Jorja Smith & Kali Uchis
JORJA SMITH BIO
With a well-deserved 2019 Grammy nomination for Best New Artist to add to her ever expanding list of career achievements, 21 year-old singer songwriter Jorja Smith closed out a stellar 2018. Over the past year Smith received the Brit Critic’s Choice Award, collaborated with the likes of Stormzy, Drake, Kali Uchis and Maverick Sabre and released her critically acclaimed debut album Lost & Found. Tying together R&B, soul and trip hop with her distinctive dulcet-toned vocals, the talented songstress examines the injustices, imbalances and tragic beauty of the world around her with intelligent lyrics and emotional performances.
Born and raised in the UK’s West Midlands, Smith has a confidence and strength of conviction that belies her young years. Her first ever track Blue Lights was written for a school project on post-colonialism in the UK grime scene, and showcased an inventive style of neo-soul that would soon herald great things. She’s just as assured on stage as she is on record, enchanting her audiences with smooth, soulful, jazz-tinged cadences that wrap effortlessly around lilting melodies, calling to mind hints of Billie Holiday, Etta James and Amy Winehouse.
KALI UCHIS BIO
With her debut LP Isolation, out now to massive critical acclaim, Kali Uchis stakes a very convincing claim at being the hot new crossover act to watch. Hop scotching effortlessly between myriad genres, her mellifluous vocals shifting from sassy to angry, sultry to stinging, it is the sound of a musician coming fully, and gloriously, into her own.
Currently based in Los Angeles, Uchis moved between Colombia and Virginia during her childhood. She grew up with the music of Ivy Queen and Ralfi Pagan, who, along with Astrud Gilberto, remain influences, and would bring back CDs by Kelis, No Doubt and Digable Planets from her local record store. “I always loved female artists who seemed like they were powerful and in tune with themselves, and who had their own independent style,” she says. Uchis carries this spirit through into her own work: “There are a lot of guys who feel intimidated by women who are trying to become something in life.”
While she had already been playing saxophone, taking first chair in her school band, and piano, as well as producing multimedia art, it was only after she bought a laptop and a $50 microphone that making her own music became a focal point. Over the summer of 2012 she assembled her debut mixtape, Drunken Babble, in her bedroom. Not only did this and her self-made music videos find fans in Snoop Dogg, Diplo and Tyler, The Creator, but Uchis received messages of thanks from listeners. “When I put out the tape, I would get people reaching out to me, saying, ‘This really helped me get through some shit’, and I thought this was a way I could impact people and be me,” she says. The response cemented her drive to make music, matching her artistic outputs to a desire to help people that stemmed from early hopes of working in charity for children.

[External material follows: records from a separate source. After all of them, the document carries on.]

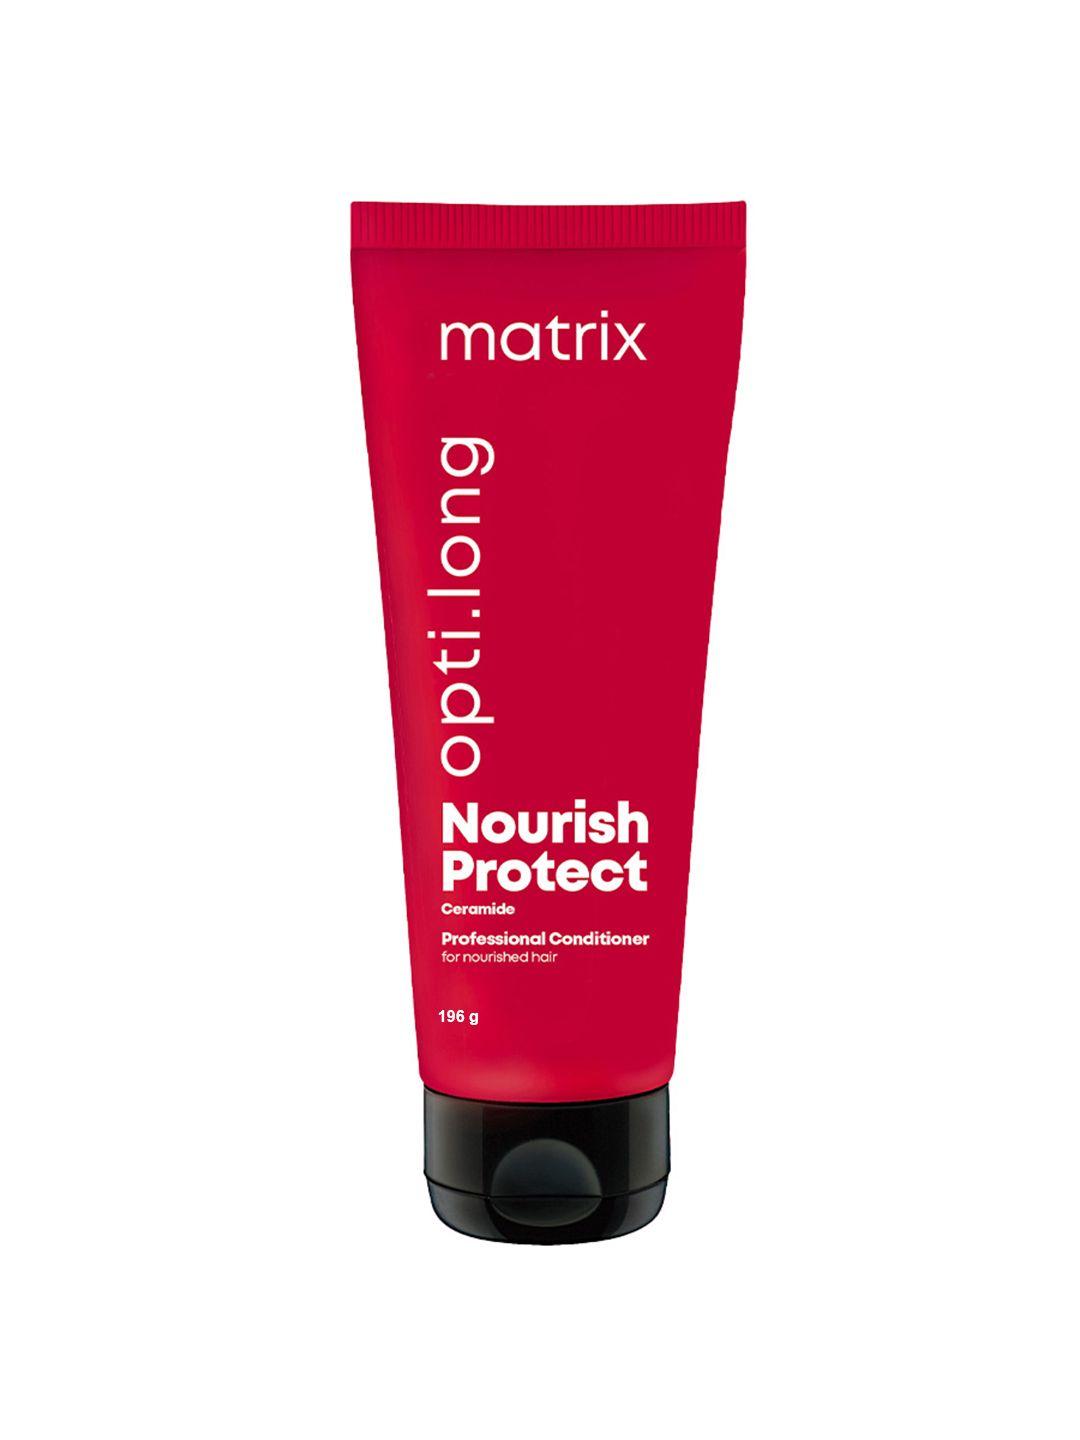 matrix opti long nourish protect conditioner with ceramide for long & nourished hair-196g
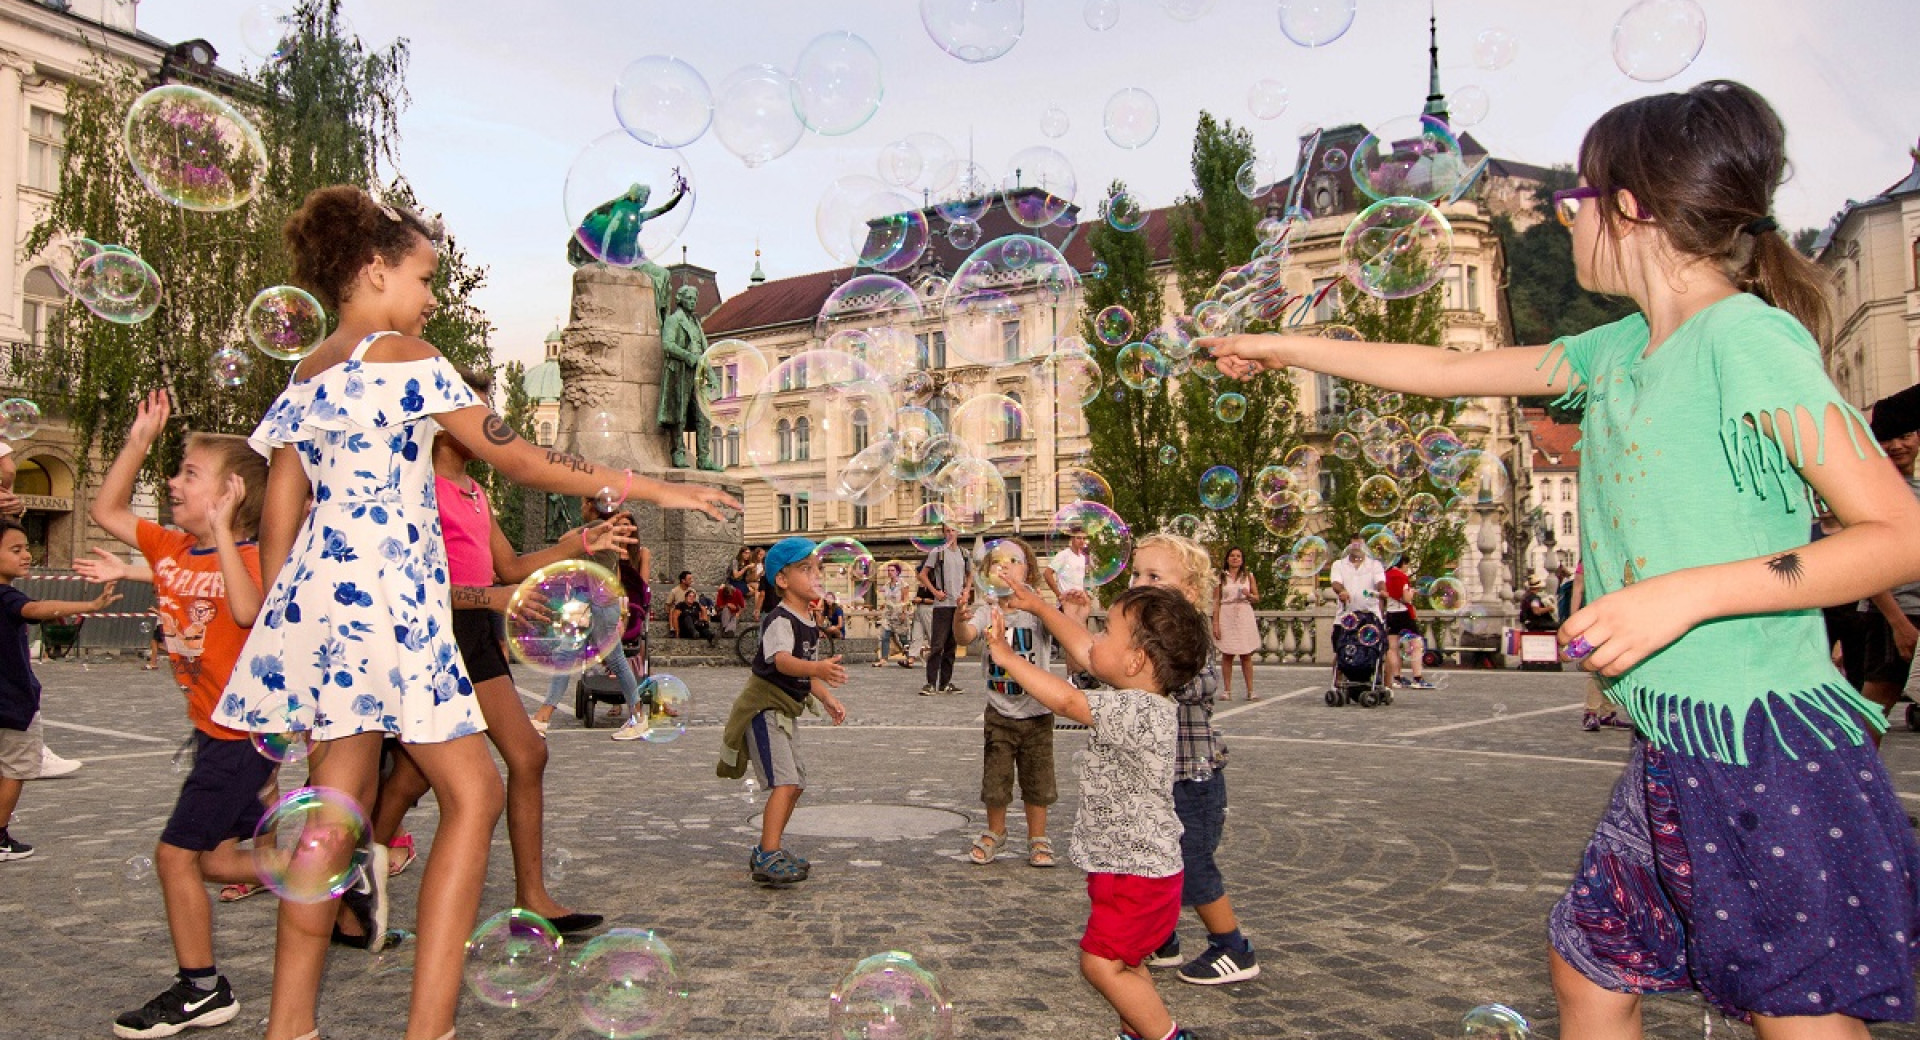 Children of different age are catching bubbles in the city square.
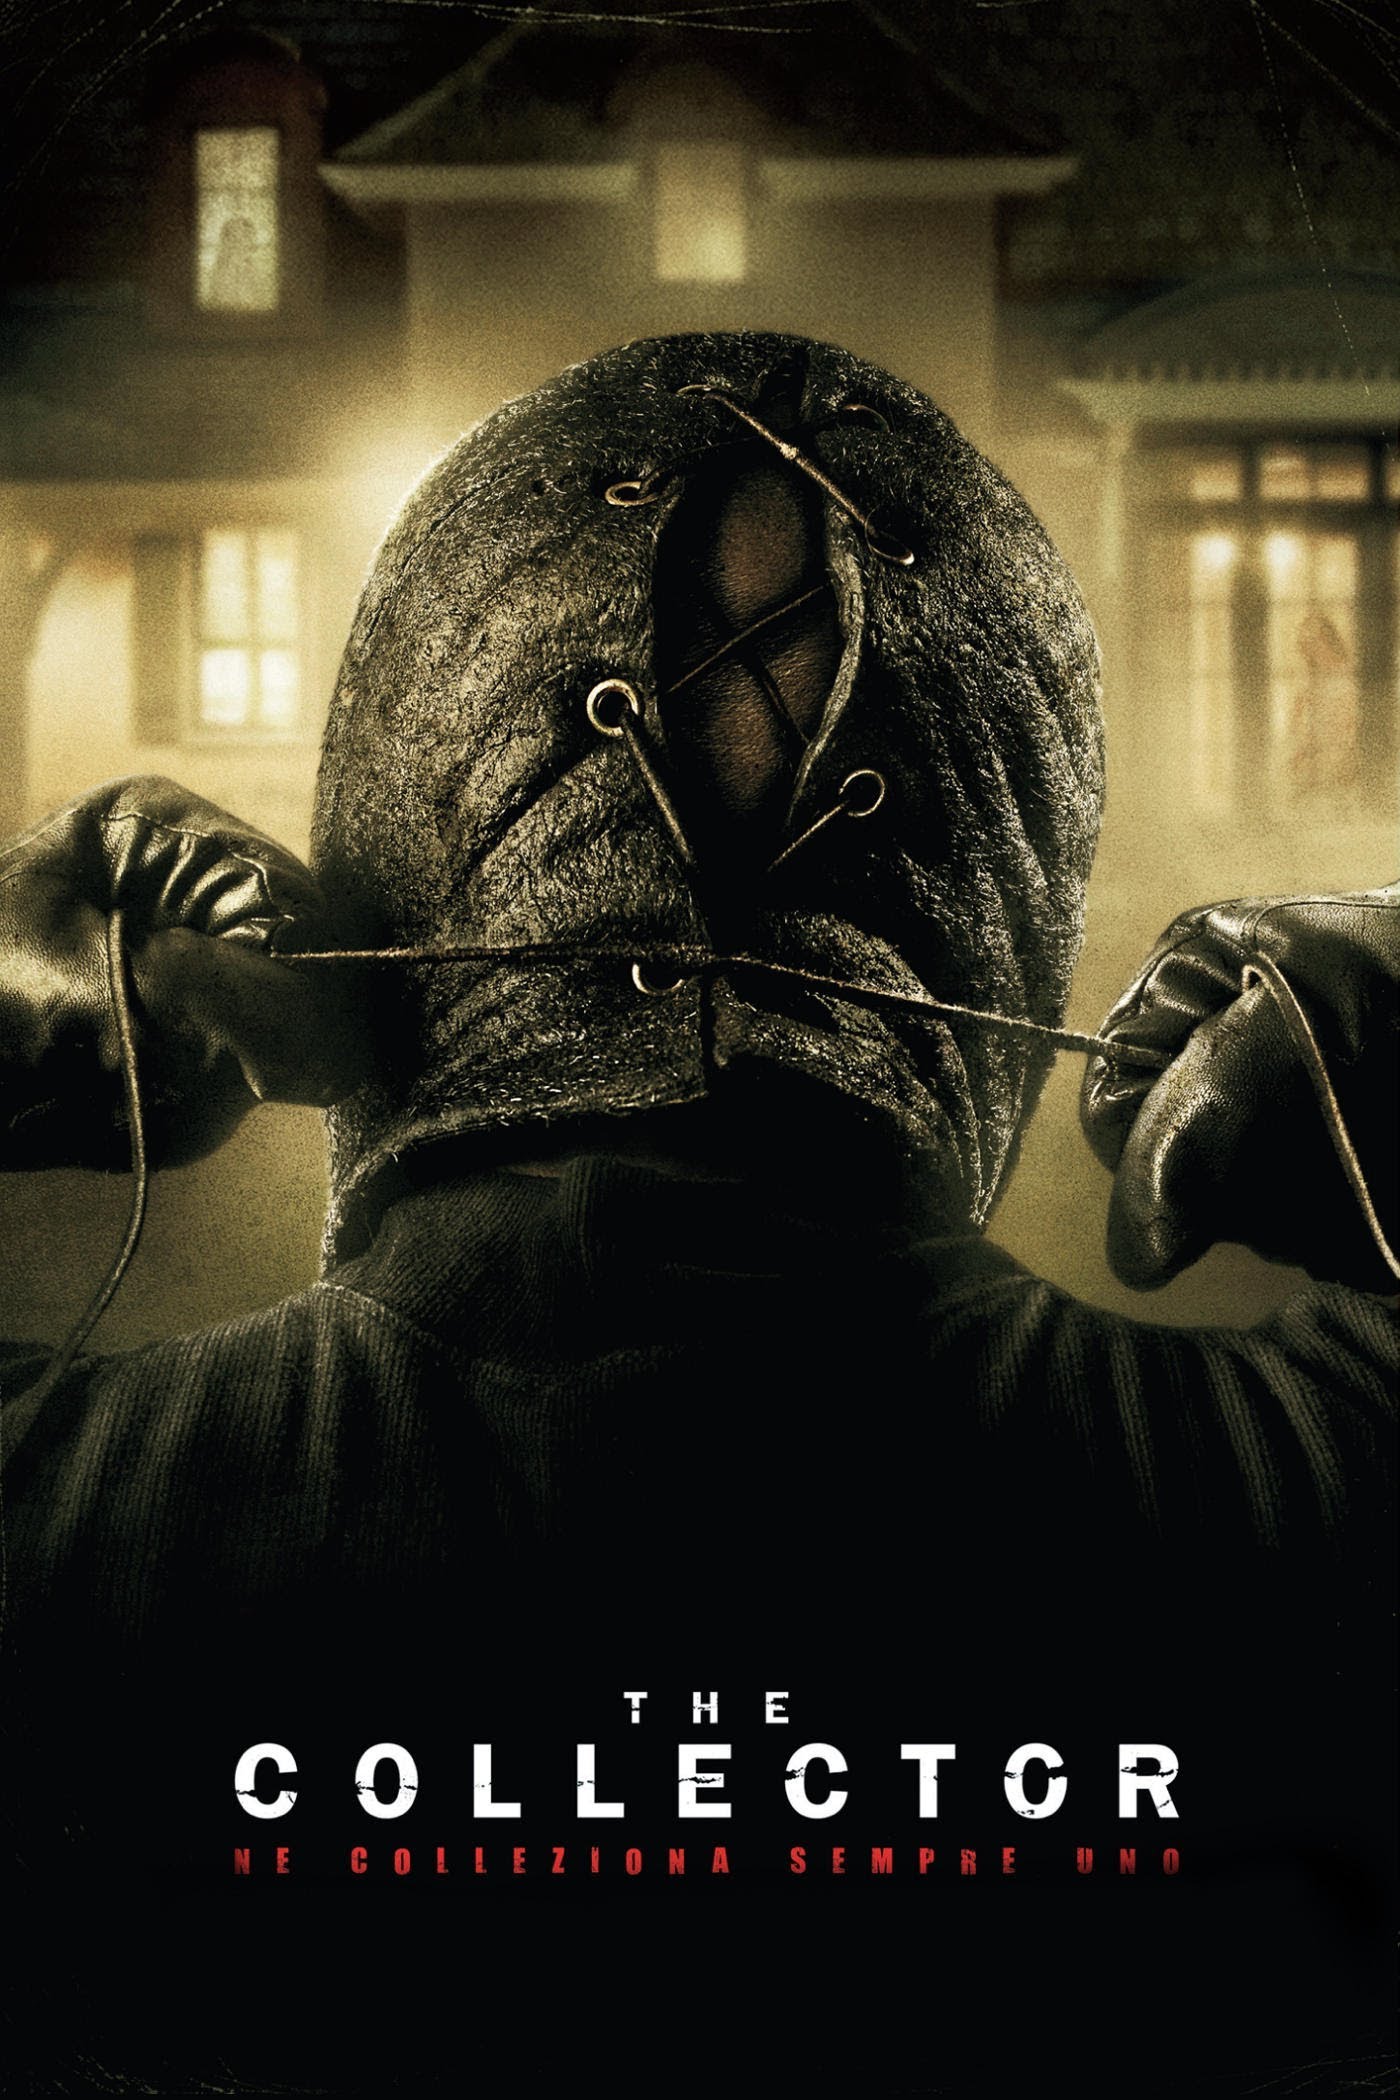 The Collector [HD] (2009)

Por Vida, her “real first project”, followed in 2015, after she’d made appearances on tracks by Snoop Dogg and GoldLink, as well as collaborating with Tyler, who provided production on the EP, alongside Kaytranada and BADBADNOTGOOD. Summer-hazed and hook-laden, the EP’s soulful pop and astute lyrics set Uchis up for a tour of the US and Canada, guest appearances on tracks by Daniel Caesar and Juanes, and a non-album single, ‘Only Girl’, featuring Vince Staples and Steve Lacy.
Shaped with a perfectionist’s touch over 2 years, Kali Uchis’ debut album is an “open journal” of an album, one that maps moments of self-discovery in song. It builds on the classic pop and doo-wop blueprint of Por Vida, her debut EP, to fully realise Uchis’s sound, aided by an impressive cast of guests. Bookended by the airy, flute-laced ‘Body Language’, and the immaculately orchestrated soul of ‘Killer’, it turns through R&B, on the stuttering beats and skanking guitar of ‘Miami’, and the “post-apocalyptic love song” ‘Tyrant’, by way of popping funk on ‘Just A Stranger’.
Taken as a whole, the record doubles as both sleek, immaculate soul and Uchis’ battlecry against the small-town cynicism she encountered growing up in Virginia in the US – the product of both self-reflection and self-determination: “people not living for themselves and then those same people feeling like, since they weren’t in control of their own lives, they want to control the next people’s lives,” she says. In defiance, the record is shaped by a desire to inspire more freedom from societal pressures. “The basis of the album is that nobody is perfect, but that a lot of us just pretend more than others. I can still reclaim my own femininity, I can still take a hold of my own sexuality, wear what I want to wear, look how I want to look, be who I want to be and that doesn’t mean that I can’t also be a creative, an intellectual, someone who calls their own shots in their life.”